За Русью Русь - Ким Балков
Шрифт:
Интервал:
Закладка:
Владимир был из тех, кто соединенность с землей сознавал особенно остро, нередко пугающе ясно. Приходили мысли, в его леты редко кому свойственные, о малости человеческого деяния даже и восславленного сородичами. Он терялся и долго носил в себе эту растерянность, пока она не отступала. Если бы он научился понимать исходящее от его душевной потребности, он, может, сделался бы спокойней и в нем было бы меньше суетливости и поспешности в мыслях, которые есть свойство молодости.
Появился ключник, хмурый молчаливый старик в черном одеянии. Про него Владимир ничего не знал, разве только то, что он служил и Ярополку, и был оставлен им на прежнем месте, хотя Добрыня полагал, что надо и тут поменять. Невесть почему возникло у Владимира это желание, супротивное воле Большого воеводы. Может, старик поглянулся ему неприятием перемен, даже если они и во благо ему? Владимир чувствовал, ключник и поныне благоволил прежнему князю и жалел его. А не то почему бы он ходил в черном одеянии, в то время как другие вели себя так, словно бы ничего не случилось и все оставалось по-старому?

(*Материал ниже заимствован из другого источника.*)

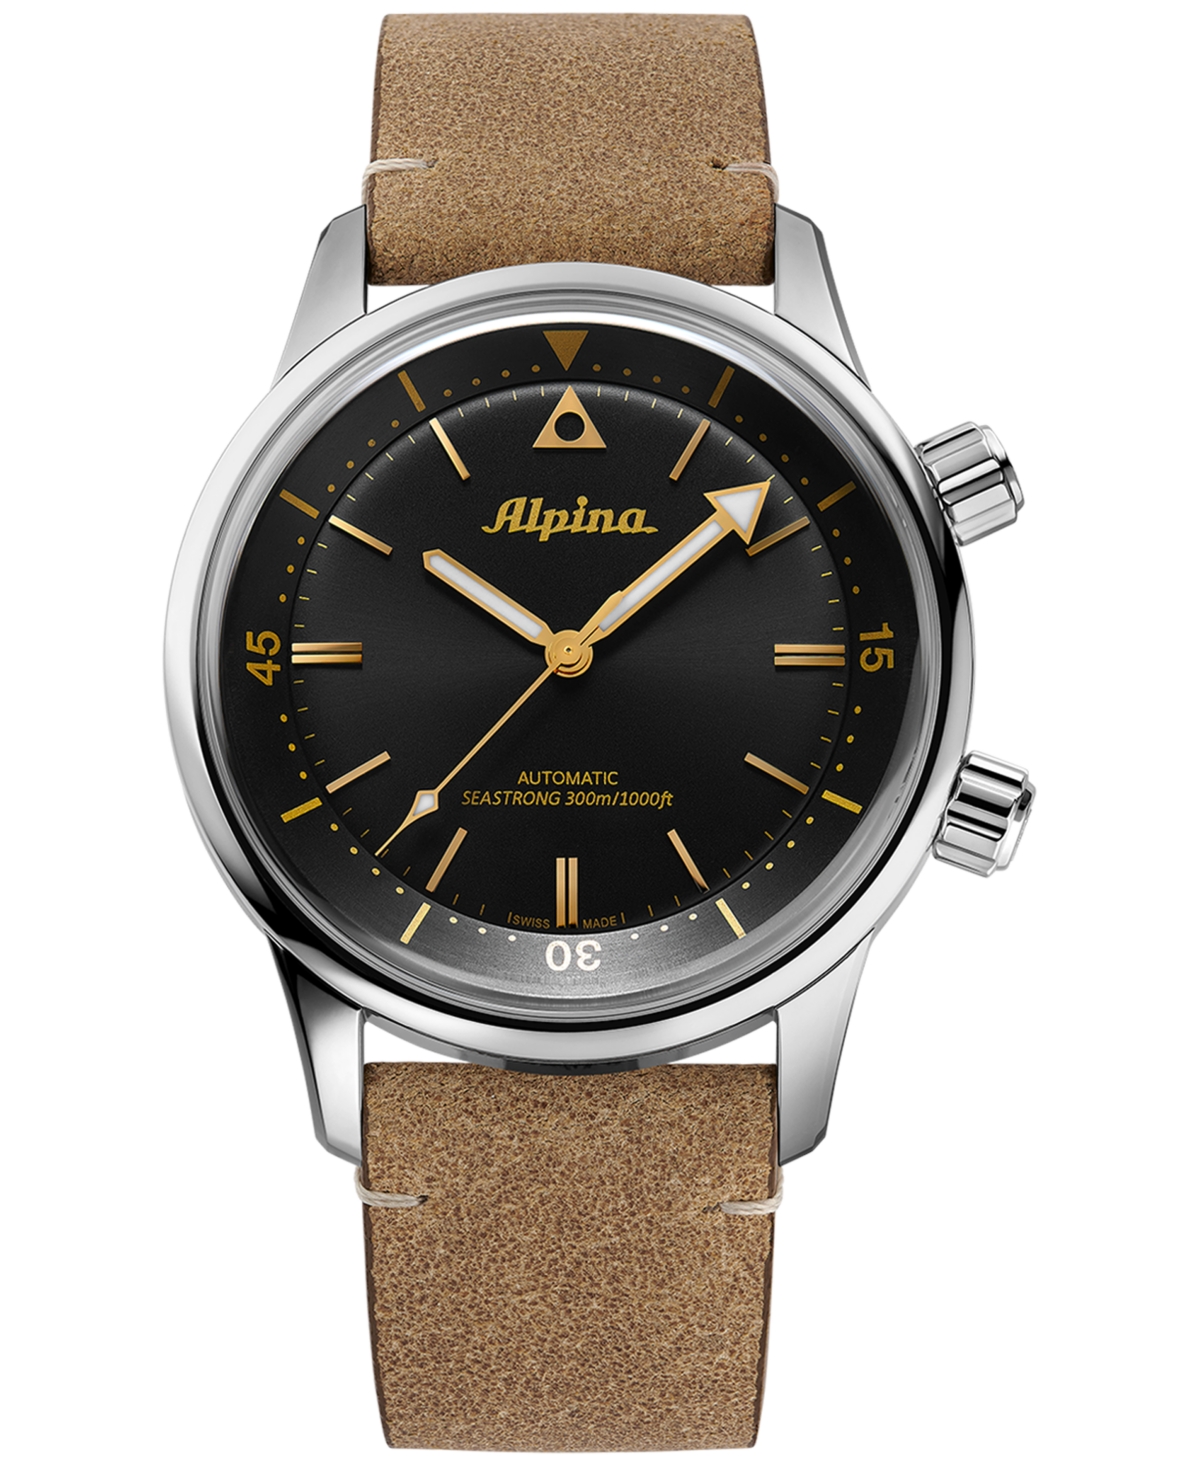 Alpina Men's Swiss Automatic Seastrong Diver Brown Leather Strap Watch 42mm

Ключник, чуть склонив большую седую голову, стоял в приворотье теремных покоев и ждал княжьего слова. Но Владимир медлил, медлил отчасти потому, что не хотелось никуда идти, а тем более в дворовые клади и сутуны, в амбары, куда, по слухам, охотно заглядывал Ярополк, а отчасти потому, что в застывшей фигуре ключника Владимир увидел что-то неземное, вот точно бы старик до недавних пор находился в иных мирах и лишь по воле Богов спустился на землю и теперь не знал, чем заняться. Отрешенность ясно наблюдалась в маленьких, круглых, как бы застывших глазах, в нестрагиваемости худых длинных рук и даже в белых волосах, упадавших на плечи. В нем не было ничего, что угадывалось в обыкновенно живущем в миру человеке. «Почему бы это?..» — едва ли не со смятением подумал Владимир и в какой-то момент постарался отвести глаза от старого ключника и не смог. Он, скорее, еще долго находился бы в этом душевном состоянии, не понимая, отчего ему утесненно, точно бы нечаянно проник в тайну слиянности небесной силы и той, что от земли, если бы старик не пошевелился, не переступил с ноги на ногу.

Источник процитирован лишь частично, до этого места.